The crash couch flattened beneath my sudden, oppressive mass and I could feel every molecule of my flight suit cutting into my skin like microscopic knives, could feel my breasts crushed against my ribs and my arms immobile at my sides. This was when you had to have the interface, when you had to have the jacks, because there was no way to physically control the ship, no way to even speak. Only the drugs our flight suits were feeding us were keeping me conscious, and I couldn’t have sworn that Burke wasn’t passed out already.
There were stray bits of data, things that I sensed and knew but didn’t quite register because all my concentration was focused on staying conscious. I saw the flare of the destroyer’s main laser batteries firing and a fragment of my mind that could still pay attention considered that if that weapon scored a direct hit on any of us, we were dead. But it wasn’t aiming at us, and I realized that it must be using its main weaponry to target the Ship-Busters.
The minutes crawled by and I couldn’t be sure I wasn’t hallucinating when I saw the Tahni destroyer in a braking burn as well. But no, it was real…we were all spending a shitload of energy and enduring a lot of pain just to be in a better position to try to kill each other.
There was a soundless signal from the Squadron Leader’s boat and I gratefully cut the drive and spun us back around to face front. We were only a few thousand kilometers away from the destroyer now, its monolithic bulk filling the view of every sensor display. I checked for the Ship-Busters and saw only four of them still inbound, the four farthest out; the destroyer’s lasers had taken out the rest.
“First Squadron,” Commander Hideyo transmitted, his words grave and weighted, as if he were handing down a sentence, “form on me and engage.”
Chapter Ten
It felt like shooting at a mountain, except the mountain could shoot back.
The squa
dron had shaped up into an arrowhead formation and our proton cannons volleyed nearly as one, all of us targeting the portside dorsal point-defense batteries on the monstrous starship. Proton fire hammered into the deflectors there and charge bled away in a scintillating yellow halo that spread in an arc around the width of the ship, except for a pinpoint line of crackling energy that overloaded the field and sliced into the skin of the ship. A line of rocket launch pods erupted in flame as the propellant exploded, and charred fragments of hull fountained outward.
I wanted to cheer, but a sober reality reined that impulse in: we were a distraction, to let the Ship-Busters get through. That meant, to keep the destroyer from firing on them, we’d have to make it fire on us instead. There were multiple flares of rocket engines igniting along one of the ship’s weapons bays and sixteen missiles shot out, splaying like fingers and heading toward our formation.

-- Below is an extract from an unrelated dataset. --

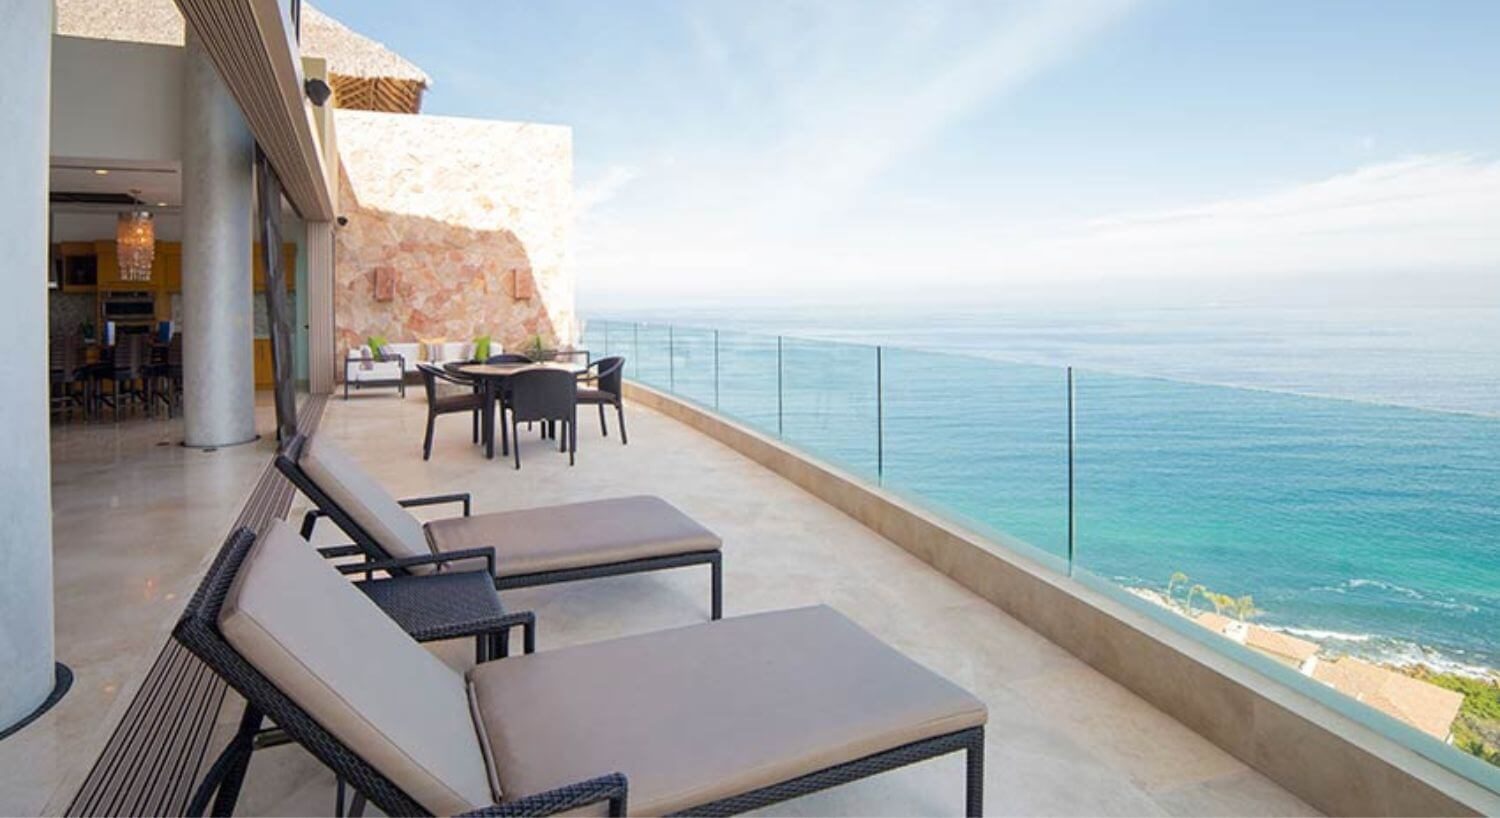 And outdoor balcony with lounge furniture that opens up to the living area of a hotel room, with views of the turquoise ocean waters of Banderas Bay.

“Evasive maneuvers,” Hideyo snapped. “Split up and spread wide.”
Ash and I banked to starboard, firing off long bursts from our belly jets and then cutting off on a new course that ran parallel to the hull of the destroyer, just a bit more than two hundred kilometers away now and burning at three gravities. The closest of the Ship-Busters was running a line perpendicular to ours, heading straight for the section of hull we’d left undefended, only a hundred kilometers from ending this. The aft end of the destroyer began to swing around, probably seeming painfully slow to the crew on board but far too fast for me.
“Shit,” I hissed, knowing she was trying to bring around her laser emitter ports.
The weapon was fed directly from the destroyer’s fusion reactor, and all the optics were buried deep and safe inside the armored hull, directed by a series of internal mirrors through ports that ringed the ship’s bow.